【サメ活記録 ~夢プレゼン2 (PART4)~】

前回の記事で、「共同体自然保護」という思想を打ち出しました。

経済だけでなく文化的にも大切な生活空間として共同体が自然を守るという思想です。

自然を遠ざけて手を触れないという保存よりも地に足付けて、それでいて経済合理性だけを追求せず文化や伝統のためにも自然を保護するという考え方であり、考え方自体は環境社会学の分野で研究が実は進められています。

しかし、この共同体自然保護と僕が勝手に呼ぶこの思想にも問題点があります。

 

・共同体の崩壊
これまでの記事でも少し触れましたが、日本における地域共同体は崩壊してしまっているという懸念があります。高度経済成長とグローバル化によって人・モノ・金の移動が自由になる。巨大資本が力をもつことによって入れ替え可能なもの(システム化されたもの、コンビニ・ファミレス的なもの)が拡大する。街の風景や暮らしがシステム重視になると、そこにとどまる理由を失った人がどんどんよりシステム化された場所に流れていく。

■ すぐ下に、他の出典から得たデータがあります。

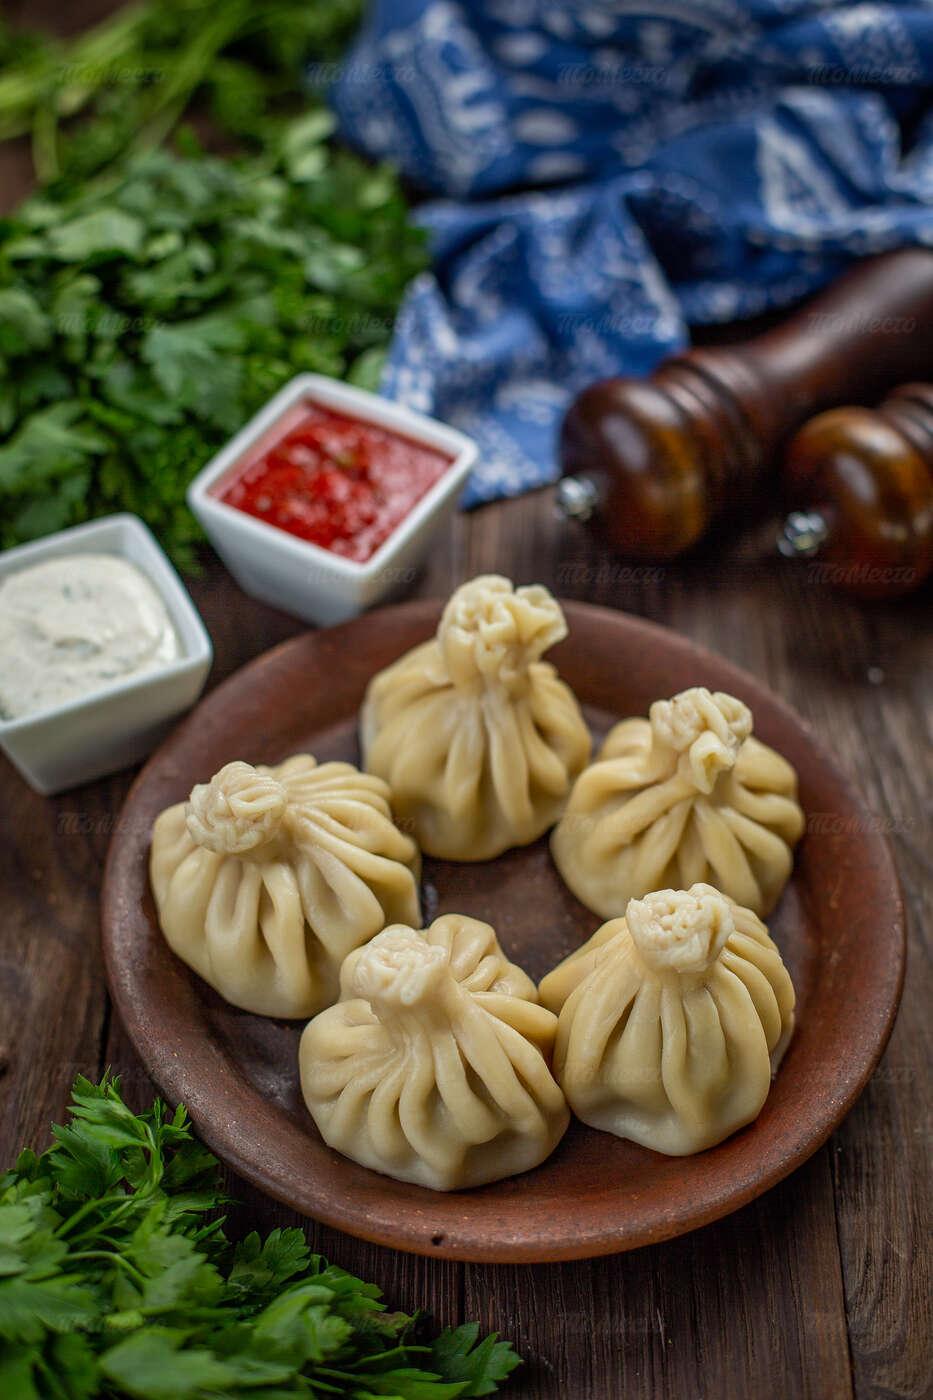 Меню кафе Хинкали & Хачапури на Льва Толстого фото 3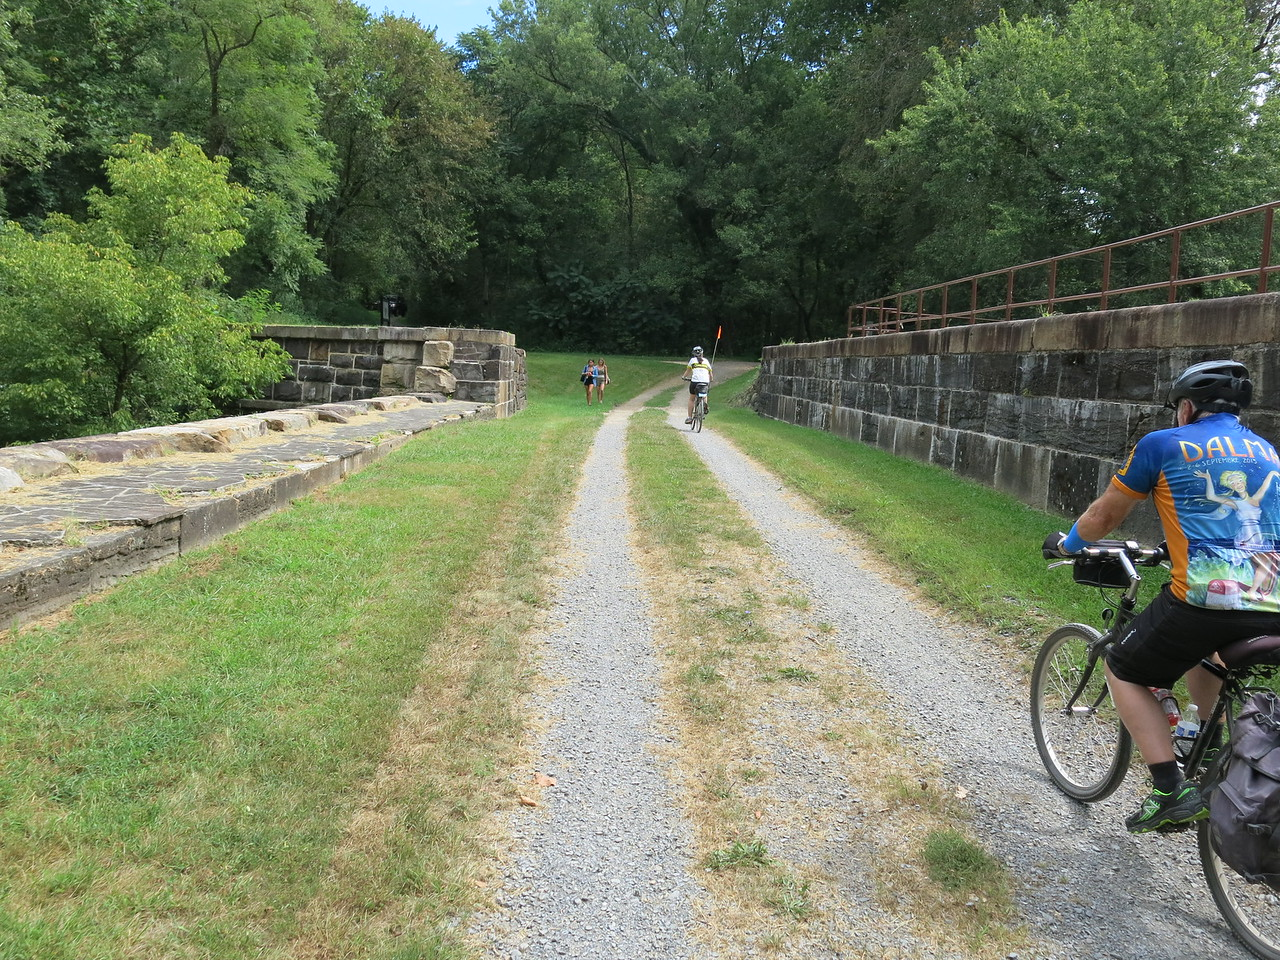 Town Creek Aqueduct at MP 162

これでは自然と共に生きようとする人なんてなかなかでてきません。

共同体が空洞化してしまうとそこにある自然を生活空間として見なすことができなくなり、安易な利便性・合理性に人が流れ、自然とかかわりをもつ人間が減り、共同体自然保護が不可能になります。

 

・「文化・伝統」という言い訳共同体自然保護は、「自然が共同体にとって文化的・経済的価値をもつ生活空間となれば、共同体成員が自然を利用(資源利用だけでなく、宗教儀式も含めた営みのための利用)するために保護をしていく」という前提で成り立ちます。

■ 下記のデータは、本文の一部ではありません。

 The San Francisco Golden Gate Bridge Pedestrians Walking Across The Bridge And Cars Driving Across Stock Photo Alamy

ところが、「文化」、「伝統」の議論を持ち出してしまうと、「これは俺たちの文化なのだから仕方がない」という理屈で保護に反対する輩が湧いて出てきます。残念ながら、マグロやクジラ(太地町などで行われている捕鯨ではなく“調査捕鯨”などという名目で行われている捕鯨)の規制に反対している日本には、これに当てはまる節があります。

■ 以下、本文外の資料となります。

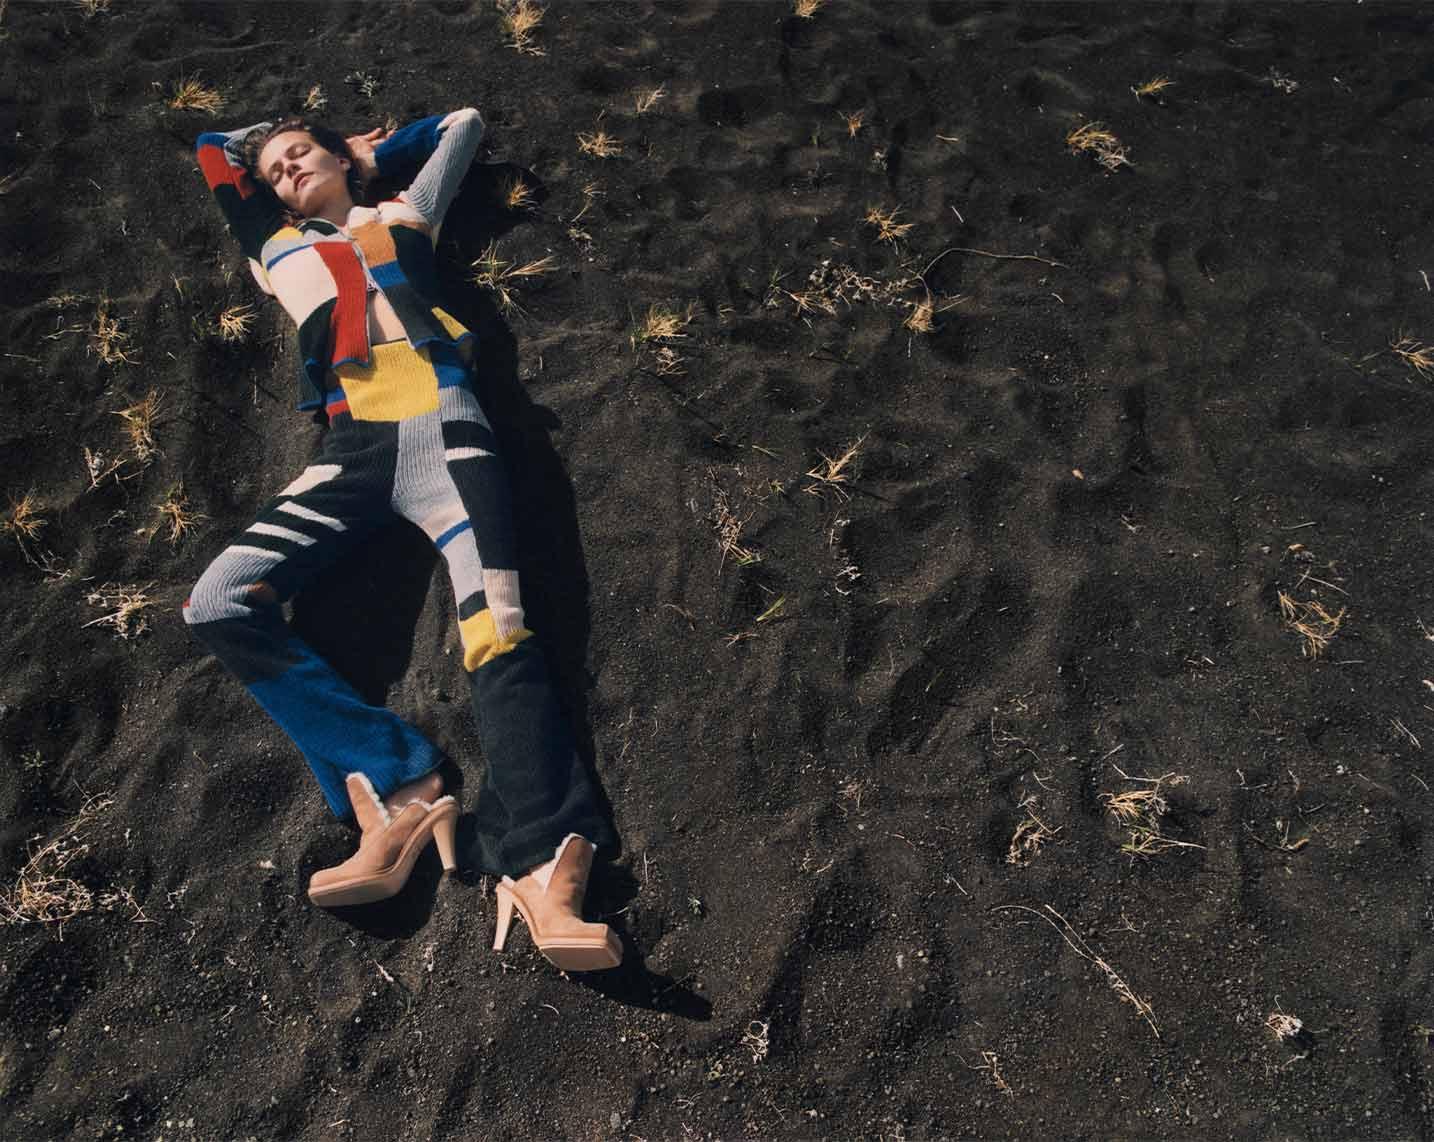 Woman lying on ground wearing Eckhaus Latta Chestnut heels.

サメの保護においても深刻な懸念です。フィニング(※1)を規制しようとしても「フカヒレを食うのは俺たちの文化だ」と反論されれば話がこじれてしまいます。僕はサメを食べたり利用すること自体には反対しませんが、一個体の成熟に時間がかかる高次捕食者であるサメの利用については、やはり慎重になる必要があるでしょう。

どうすればいいのか?

正直模索中です。

プレゼン会では再帰的共同体という概念を提唱しました。

「偶然その土地に生まれた」という理由で共同体に対するコミットメントを引き出せないほどに共同体が人を結束する機能を失い、グローバル化とIT化で共同体の境界線が恣意的になったのであれば、そのままコミットメントを失うのではなく、こちらも恣意的にコミットメントする領域を決めればいい。流動性を逆手にとって、アイデンティティ(例:気仙沼に生まれたからサメ)ではなく、価値(例:サメが好きだから気仙沼)による共同体をネットでもなんでもいいから作ってしまおう。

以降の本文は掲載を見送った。